If you are beginning a farm dream with your loved one, I don’t want you to end up in this situation. If you are trying to create a dream without pure communication between you and your partner, it can easily become a nightmare. I have my own issues, my wife has hers, but in terms of us making sense of this life we have lived together, this dream we have pursued together, without an open line of communication, it will all fall apart. If you are not on the same page about your vision and values, at some point they will split apart. You can’t be truly together unless you share yourself 100%, you have to bare your soul, and if your partner can do the same, there is a chance.

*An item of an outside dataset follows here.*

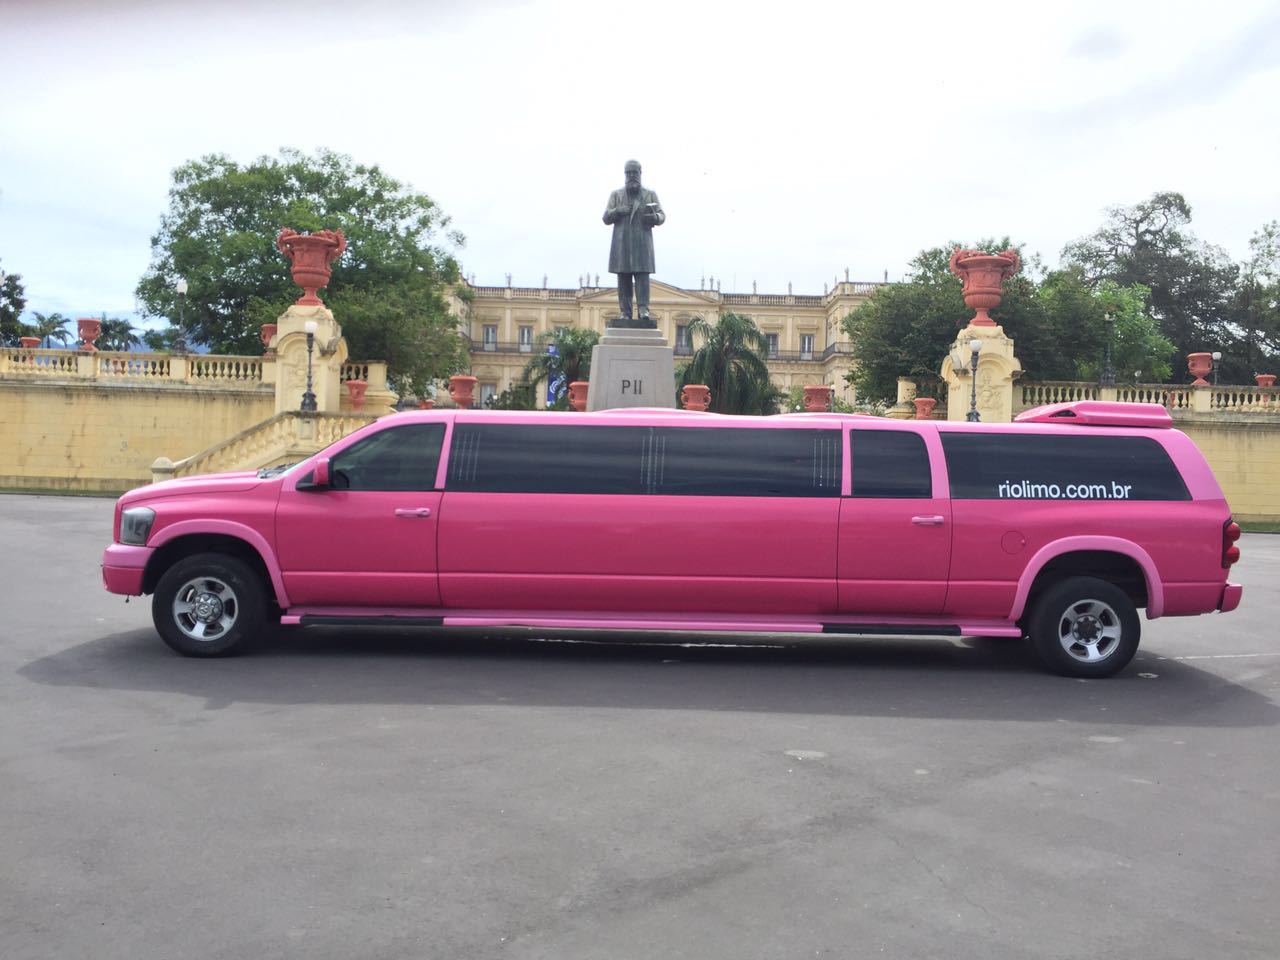 limo-pink2

Airing dirty laundry is not something I will do here. I am more interested in the lessons to be learned, and the steps to take to grow and evolve. I’m not going to bitch and moan.
I don’t believe there is anybody at fault here in this situation. As human beings we’re all fucked up, to paraphrase the Buddha. For a long while I blamed myself and beat myself up emotionally. But that doesn’t help me grow and evolve into the next stage, and it isn’t particularly pleasant for anybody else around me for that matter. So I would simply like to acknowledge this new turn of events and move on. Everybody has questions but I don’t have many answers, other than a bit of advice. Truly open yourself up to your partner, and if they accept exactly who you are right now, that is true love. It can be romantic, it can be platonic, whatever your relationship is, openess and acceptance is key. How can their be love without those things?
So on this my 37th birthday, my nugget of wisdom forged from the fires of dukkha is to stay open. Don’t close off when the going gets tough. Don’t construct a shell when you feel the need for protection. Stay true to yourself, and be open about what you want and need. Otherwise how the hell can anyone know those things? We may think we are transparent, but in fact we are all mysteries to one another. Unlike the other beasts that roam the planet, we have language that we can use to try and translate the mystery that is I to the mystery that is you. That is a gorgeous beautiful thing about being alive.
After I received those divorce papers, my first piglets were born. Rain poured and wind raged the night after they were born, but with a sold roof and plenty of bedding, along with the warmth and protection of their mother, all five piglets survived and are healthy right now. In fact, they are roaming all over the place already. All endings are sad, but with each we find a new beginning.
Take care of yourselves. Don’t forget to breathe and smell the air.